Foto: Tomasz Samek
Foto: Tomasz Samek

PORTWORKERS – FROM DUSK TILL DAWN

 

Preface fom the catalogue

 

In our project PORT WORKERS – FROM DUSK TILL DAWN, we deal with the fact that the work situation in the municipal port of Münster has changed and is in a continuing process of change. The port is no longer only a trading centre for goods, but also for ideas, and harbours many new professions. It is no longer the dock workers, but rather waiters and artists, advertising people, architects, publishers, technical professionals and many other who typify the image of the moment. All of them are the port workers of today.

To represent the various professional groups, we have photographed selected individuals for the project PORT WORKERS. The resultant black-and-white portraits are projected in large scale onto suitable building surfaces in the port area in the night. These luminous images gradually materialise as it gets dark, then to shine through the night brightly but in their own way remotely like stars. With the dawn of day, they then withdraw from perception and disappear into the unknown.

We were very glad of the wide approval which our project PORT WORKERS – FROM DUSK TILL DAWN has met with among the many businesses located in the port area. We thank our sponsors, whose commitment helped make it possible to realise the project. And we thank the 22 port workers for their trust in permitting us to portrait them.

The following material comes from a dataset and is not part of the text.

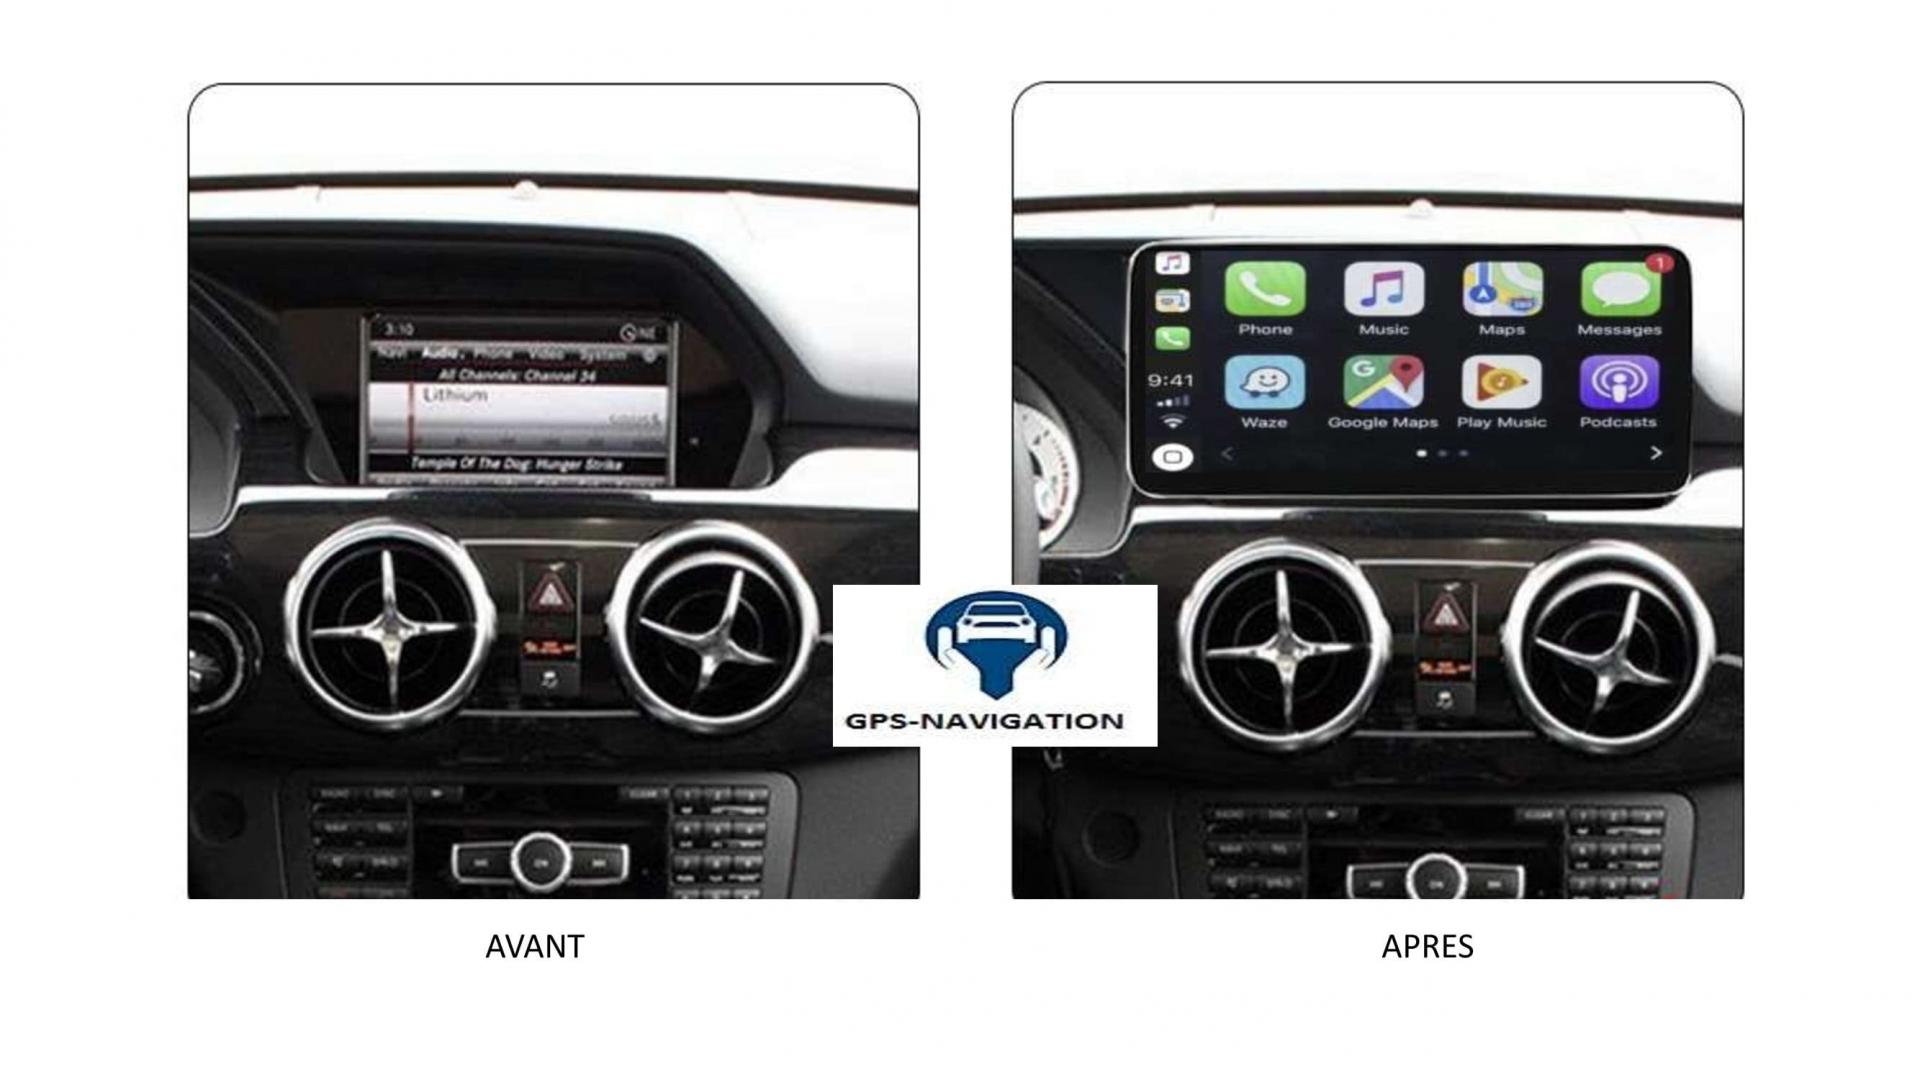 Mercedes glk x204 autoradio gps carplay android auto bluetooth 5

Susanne Koheil  Günter Wintgens | John Goodwin

Foto: Günter Wintgens
Foto: Günter Wintgens

Wandering Stars

 

The beautiful is an appearance of temporal reality.

August Strindberg

 

 

In the uncompromising delineation of the image matrix of the city of Münster, the inner port at the edge of the city centre marks significant coordinates. Ten years ago the residents of the city were largely unaware of it or avoided it, considering it to be only a decrepit district on the outskirts, but since the turn of the millennium this compact quarter has advanced to become a choice piece for urban planning and commercial interests. Even though the verbal effusiveness of the pioneering days, for example talk of the “creative quay”, has been happily overcome, this display-case quarter remains at odds with itself. On the one hand, it manifests the seemingly inevitable urban arrangement of a fast-moving leisure-time hedonism staged on the sentimental backdrop of storehouses that have been renovated to the core, of pseudo-modernist office and creativity areas as well as an oversupply of trendy test-tube restaurants interspersed with vacant lots in controlled decay. On the other hand, the area is eyed by neighbours and outside business people with indignant suspicion. But it is precisely the sustained ambivalence of categorical rejection and alarming affirmation that gives the port the potential to be a point of identification for the city’s recent history.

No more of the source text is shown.